### Dataset excerpt:
┄┄┄┄┄┄┄┄┄┄┄┄┄┄┄┄┄┄┄┄

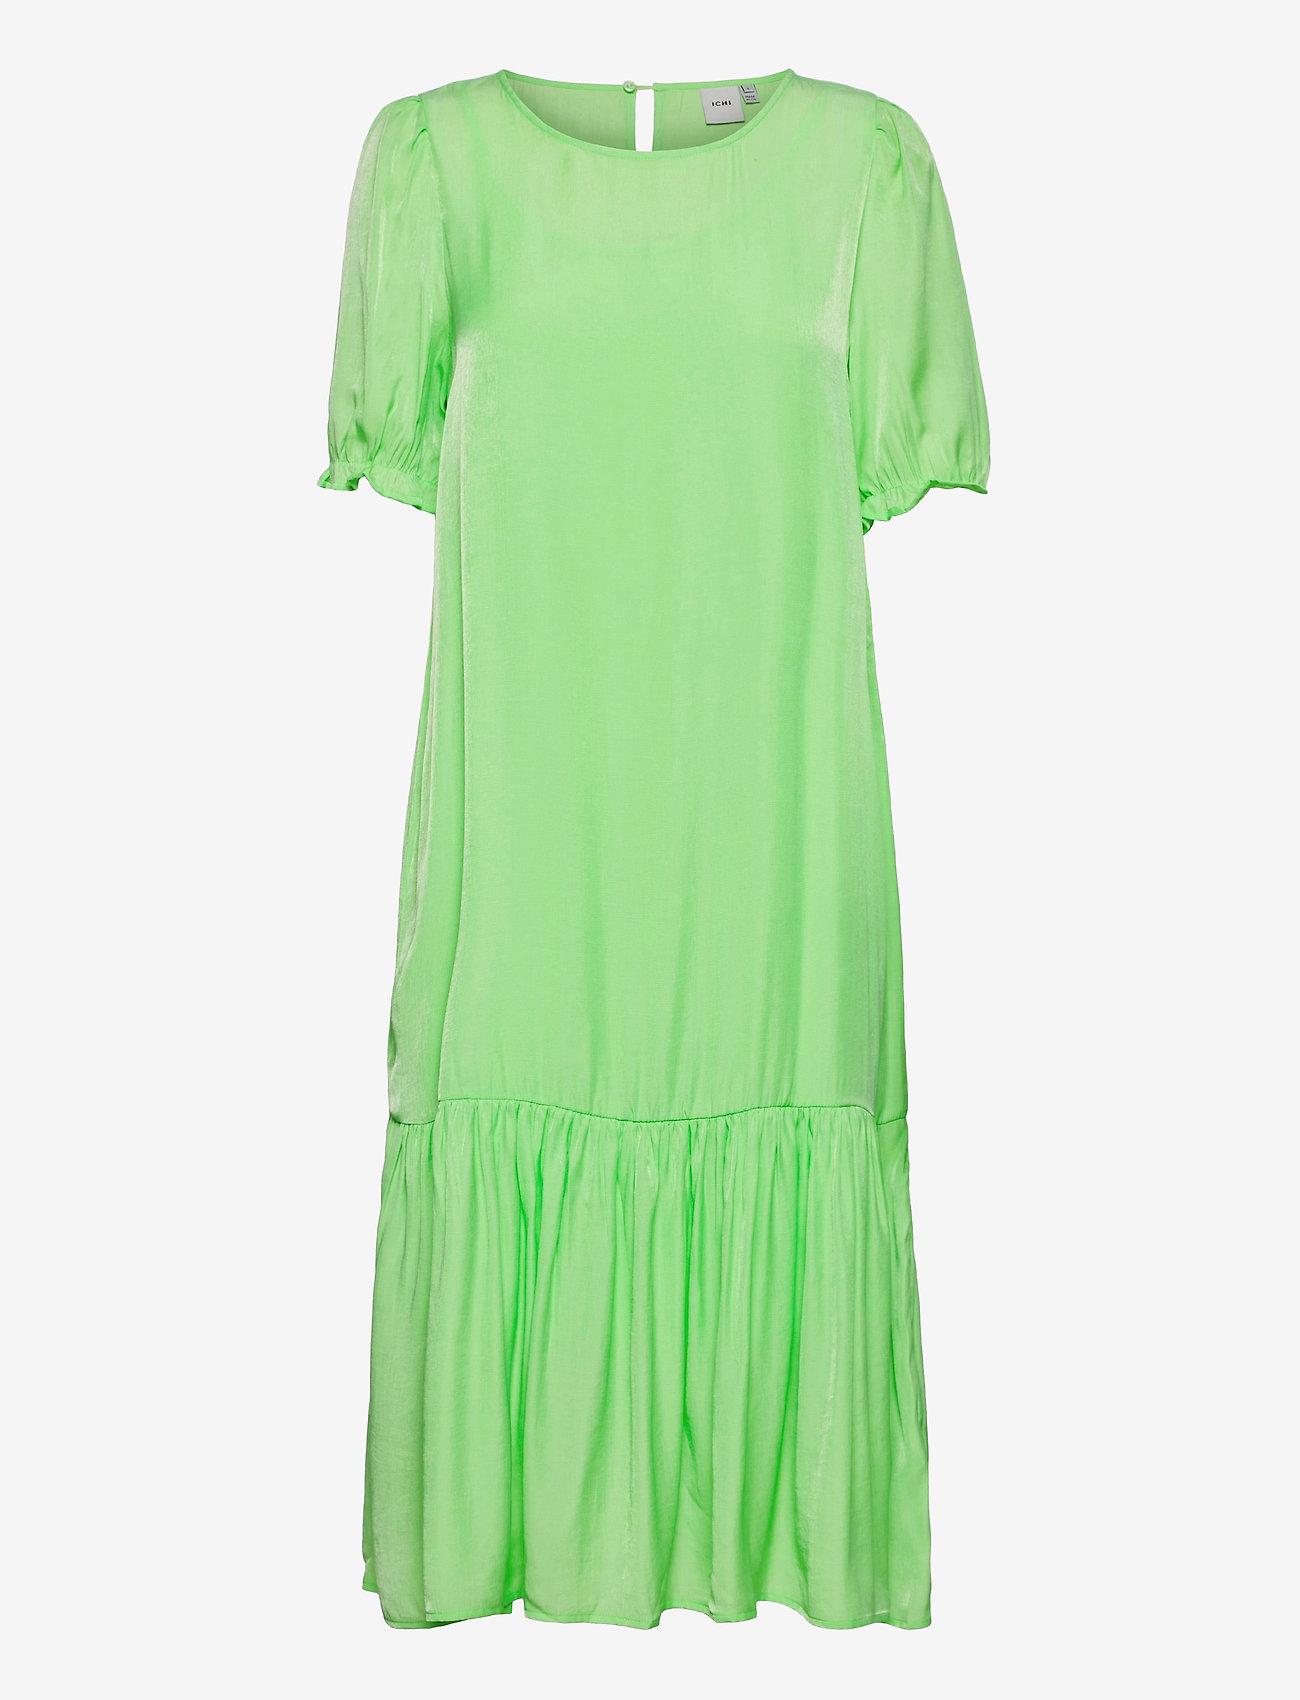 ICHI - IHEDINA DR - summer dresses - paradise green - 0
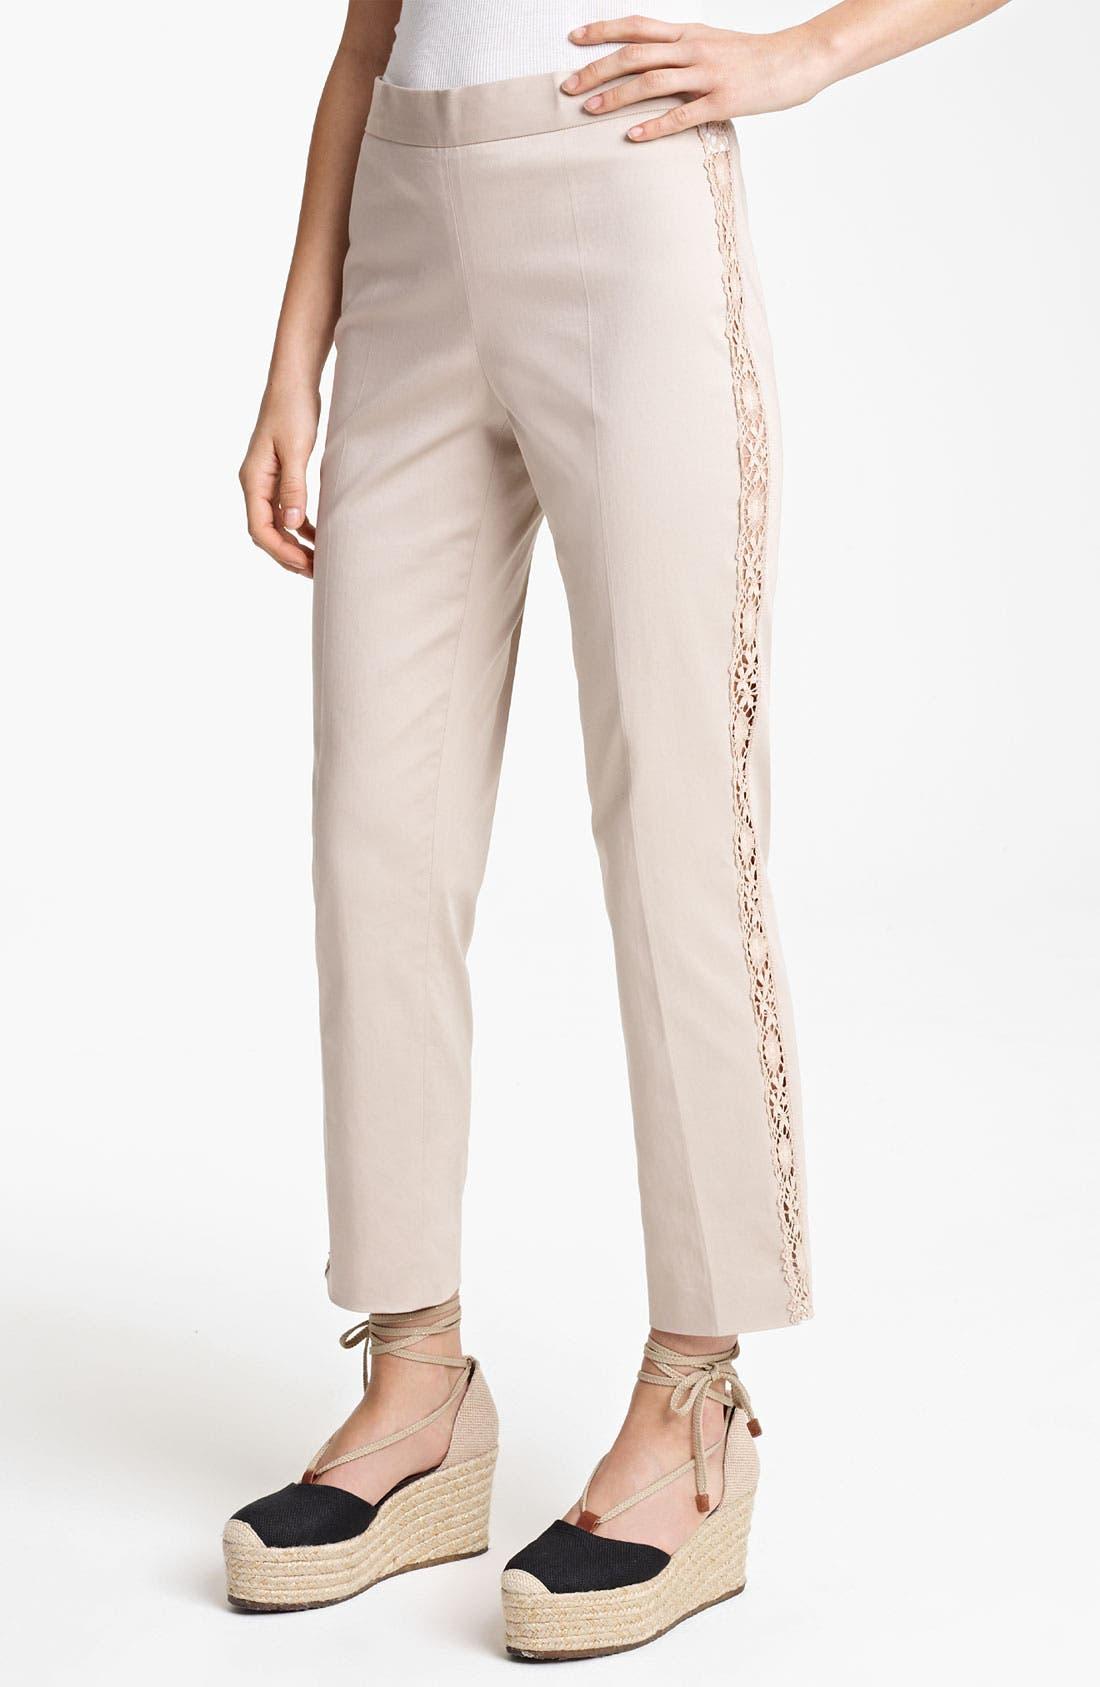 Alternate Image 1 Selected - Jean Paul Gaultier Lace Detail Stretch Gabardine Pants
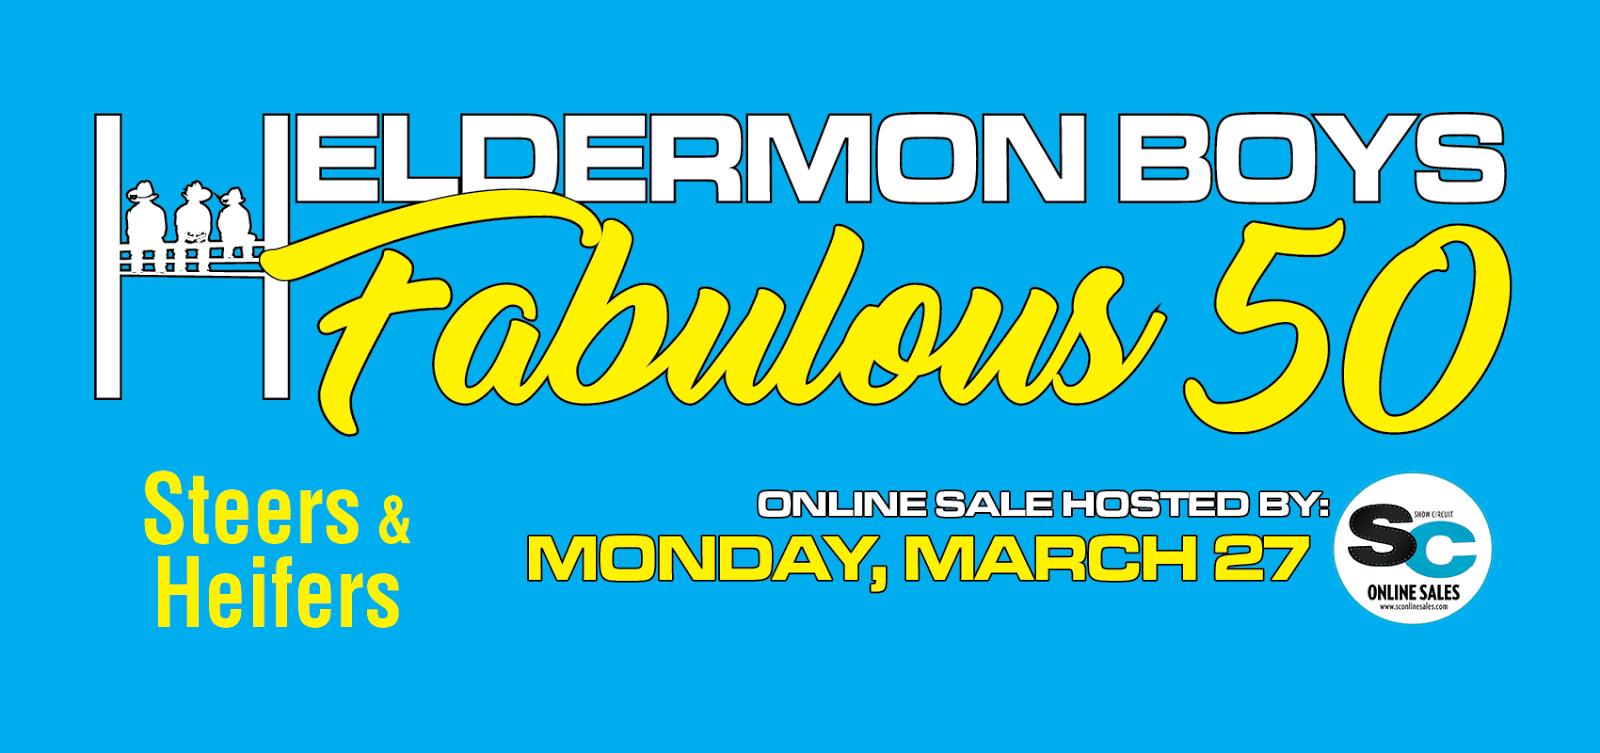 Heldermon Boys Fabulous 50

┄┄┄┄┄┄┄┄┄┄┄┄┄┄┄┄┄┄┄┄

### Exercise:
Take the listing above and restate it word for word, without its pictures.

### Response to the exercise:
 ICHI - IHEDINA DR - summer dresses - paradise green - 0
 Alternate Image 1 Selected - Jean Paul Gaultier Lace Detail Stretch Gabardine Pants
 Heldermon Boys Fabulous 50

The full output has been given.